All this not to say that upon reading this book a sunshaft of benignity will shine upon the world of business. The authors set forth their epistemological message in managerial terms. For them, Peter needs four "pivotal capabilities"-international business knowledge, cultural adaptability, perspective-taking, and ability to play the role of innovator. Most of the book is devoted to acquiring these. However, they are not mere qualities one can study, pass an exam upon, and sage forth unto success; they are not ends in themselves. These four capabilities represent an attitude shift which is the psychological equivalent of a paradigm shift. Adapting to others' reality requires both motivation, specialized knowledge, and a particular set of skills.

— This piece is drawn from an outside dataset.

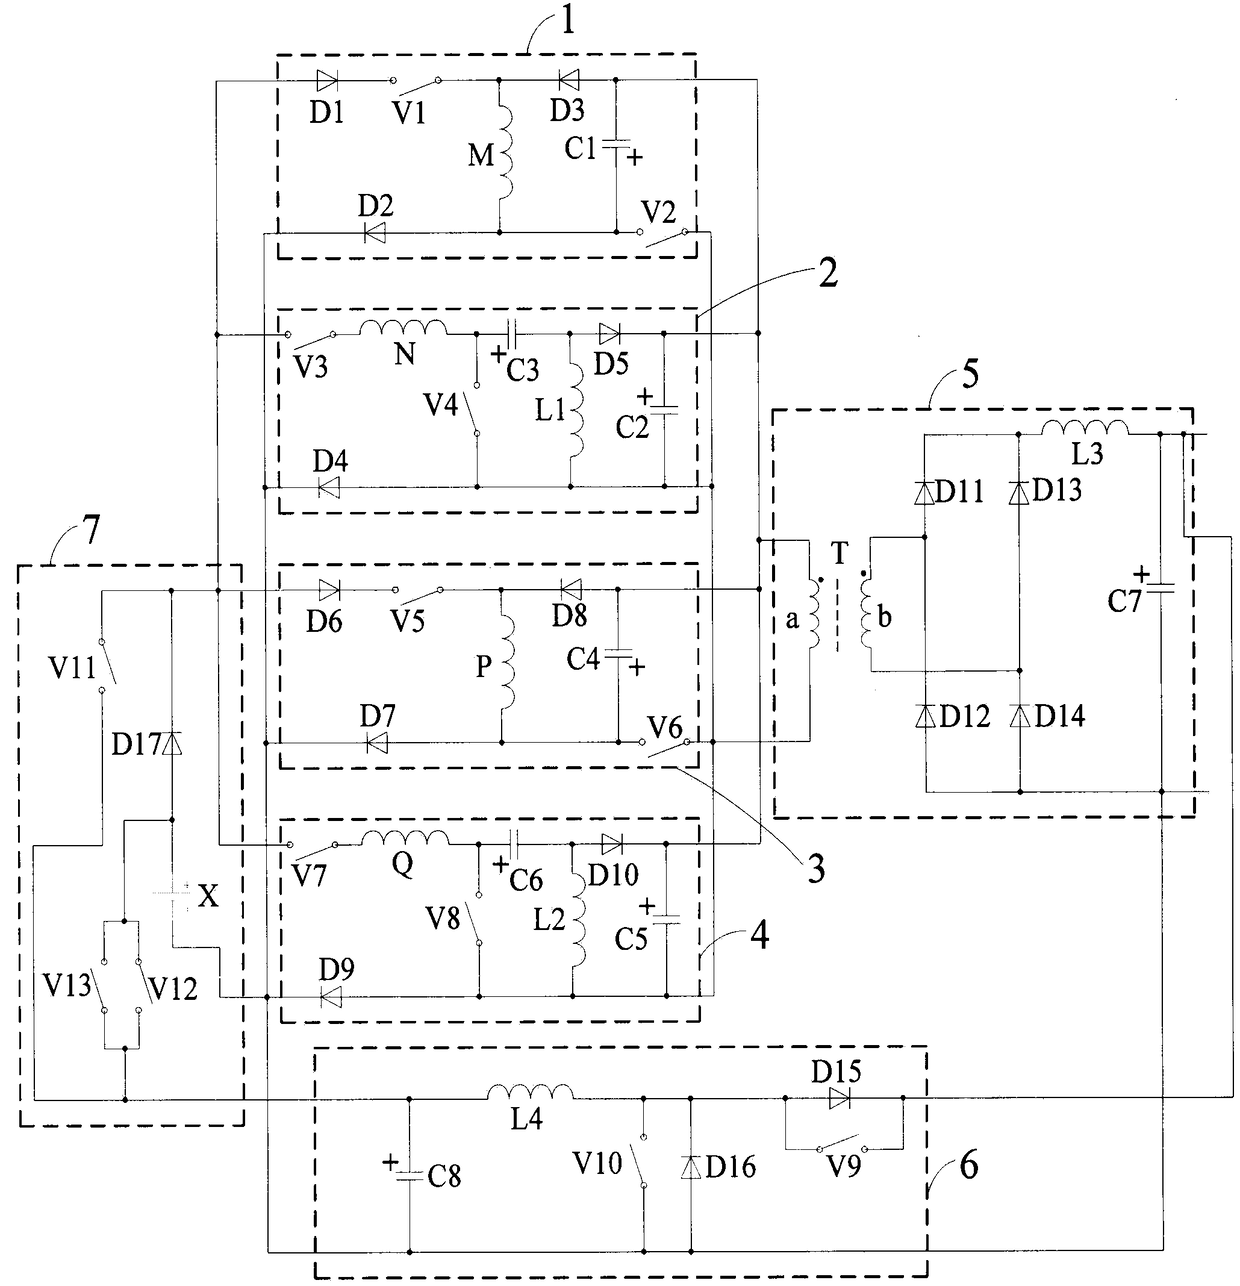 Small-sized switched reluctance motor converter system

Books-like this one-that address globalization in cultural rather than entrepreneurial terms are much needed today. Had the upper-mid managers of garment manufacturers like Nike known some of the basic tools described in this book, perhaps the fiascos related to Indonesian labor exploitation would not have occurred. For one, they would have been forewarned of the pitfalls of delegating management to third party organizations without also exercising strong oversight, in the manner many Western clothing manufacturers did with Korean subcontractors whose management style was ... well ... less than optimal.
But there is a bigger fish to fry than inept sports shoe manufacturers. It is that globalization is driven largely by American interests, whose managers view business in aggressive entrepreneurial terms and are largely unaware that a great many people value other ways of conducting business. In the Malay countries of Southwest Asia there is a mentality called gotong-royong ("everybody doing their part" or "we all pitch in") which can be described as task-directed consensus management. Shear away the patriarchal overlay imposed by ancient religions and Asia's much-lauded family-focused social system is really nothing but gotong-royong.
Success for the New Global Manager is an octagonal red sign. It reads, "Stop! There is danger ahead." There is nothing quite so scary as being ignorant of being ignorant. The cultural ignorance that this book addresses really should have been addressed way back in the early semesters of business school (and for that matter, as far back as secondary school). Why does a book like this one have to offer advice such as that on page 120, on which they counsel that if you are going to live in a country, you should listen to its music, read its literature and business books, and learn about the food.
The world knows a lot more about the U.S. than the U.S. knows about the world. A scary thought this book seeks to redress.
Having been an expatriate several years ago, I reflected on my experience in a new way as a result of reading this book.